DATASET CONTENT.
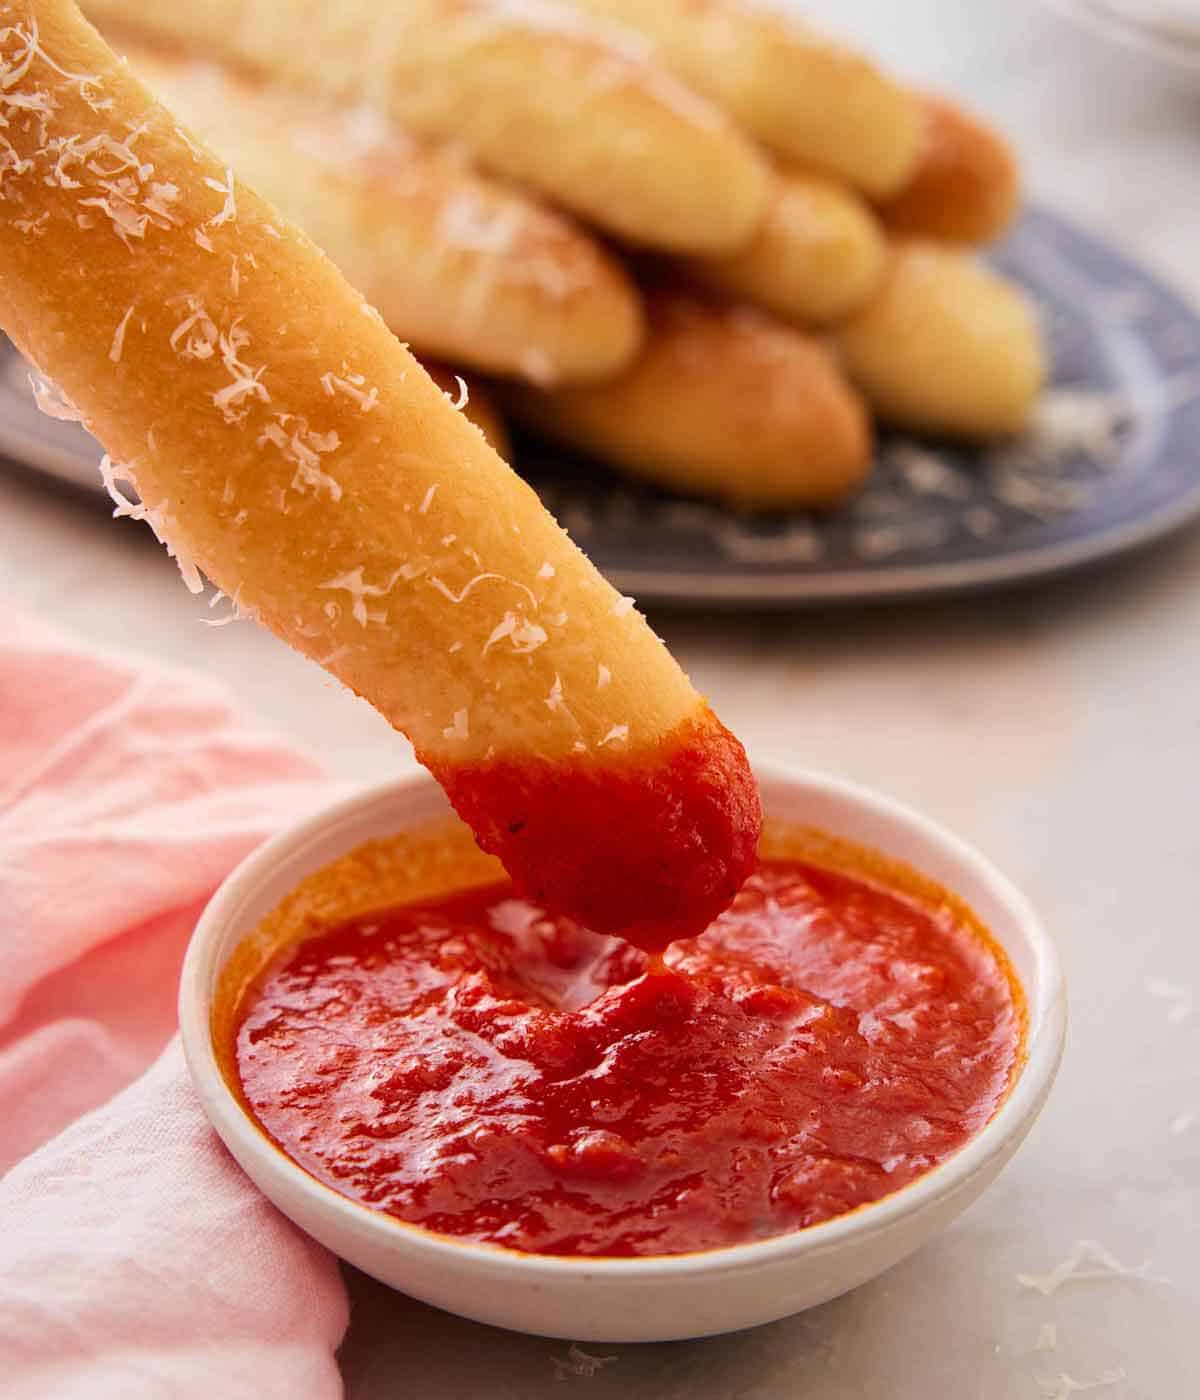 A breadstick dipped in a small bowl of red sauce with grated parmesan on the bread. More breadsticks in the background.
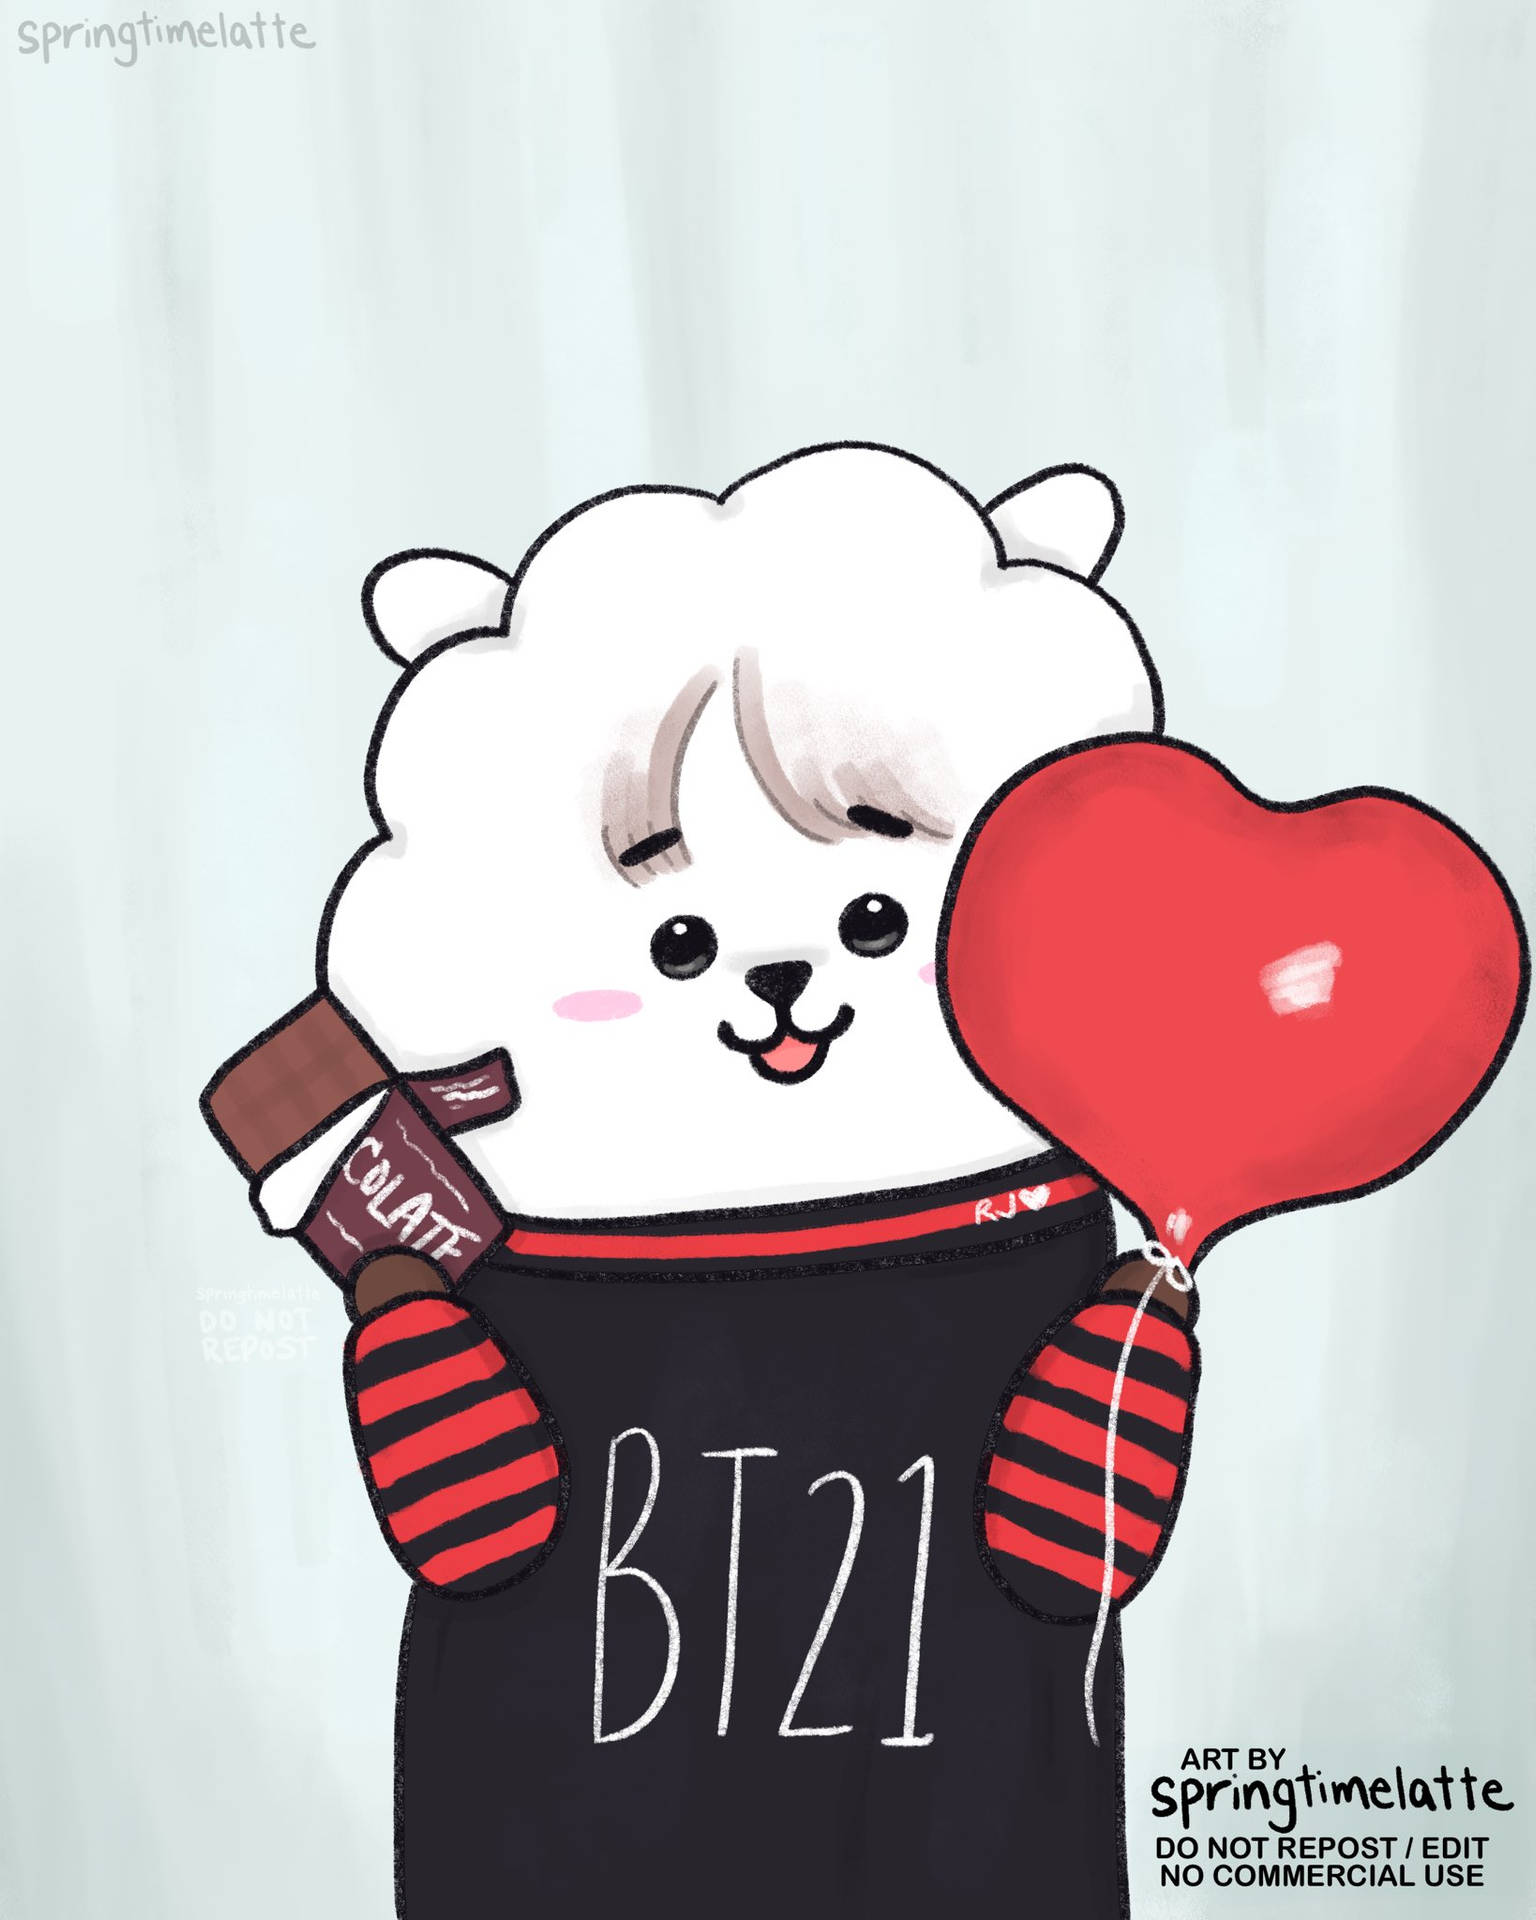 Caption: Cheerful Rj Bt21 Showing Off Its Charming Smile Wallpaper
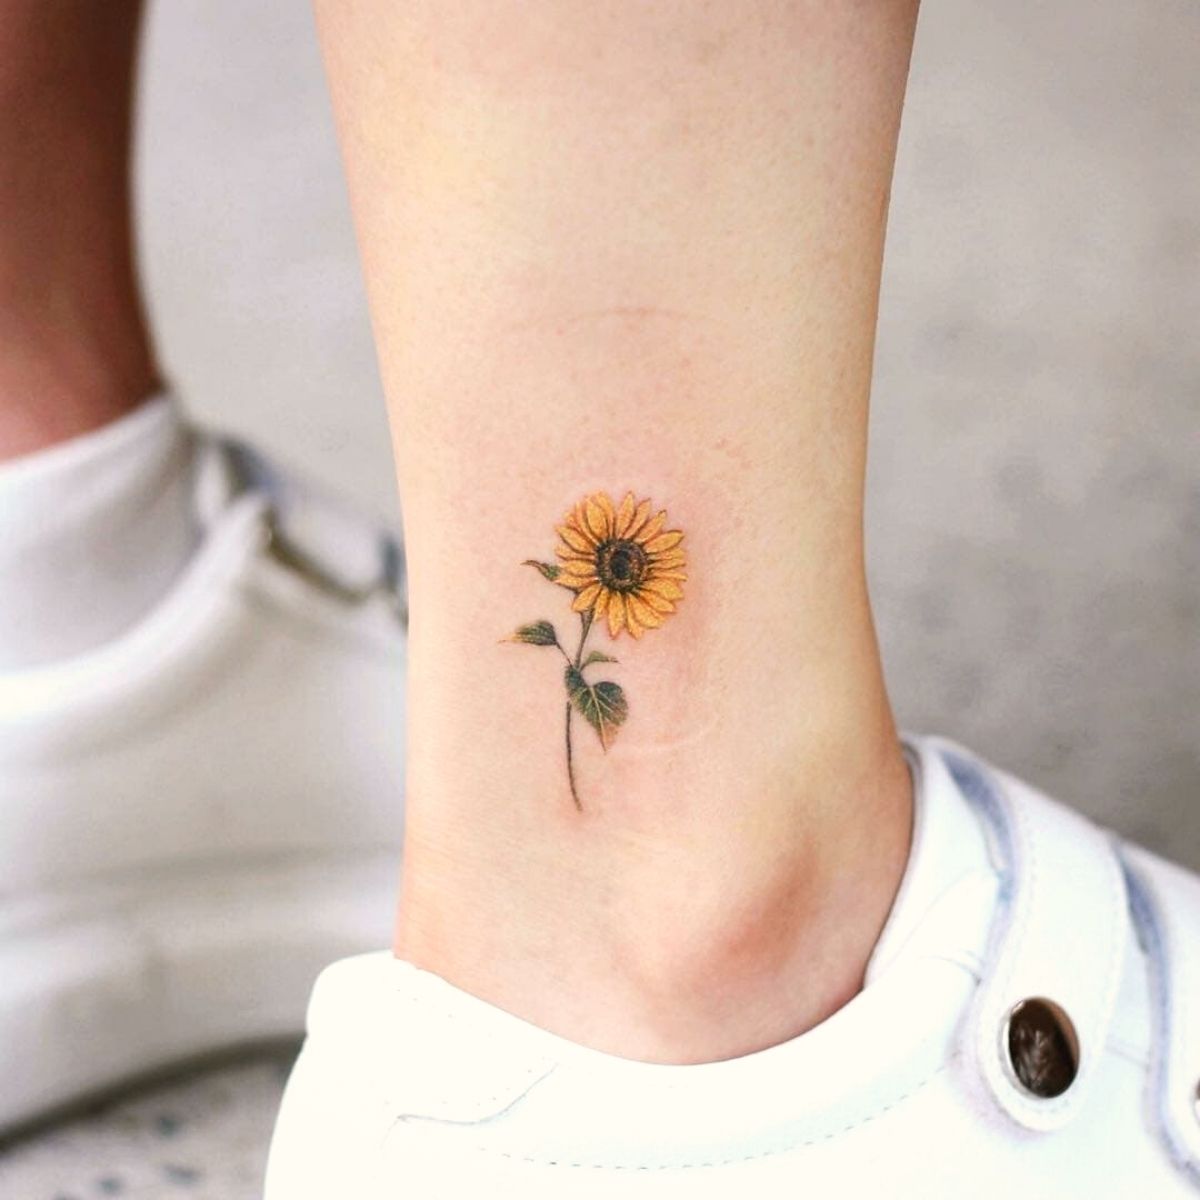 Small meaningful tattoos of sunflowers on Thursd

TASK DETAILS.
After locating the line that holds "Caption: Cheerful Rj", output exactly the lines from it through the last line of the material above, inclusive, without pictures.

RESPONSE.
 Caption: Cheerful Rj Bt21 Showing Off Its Charming Smile Wallpaper
 Small meaningful tattoos of sunflowers on Thursd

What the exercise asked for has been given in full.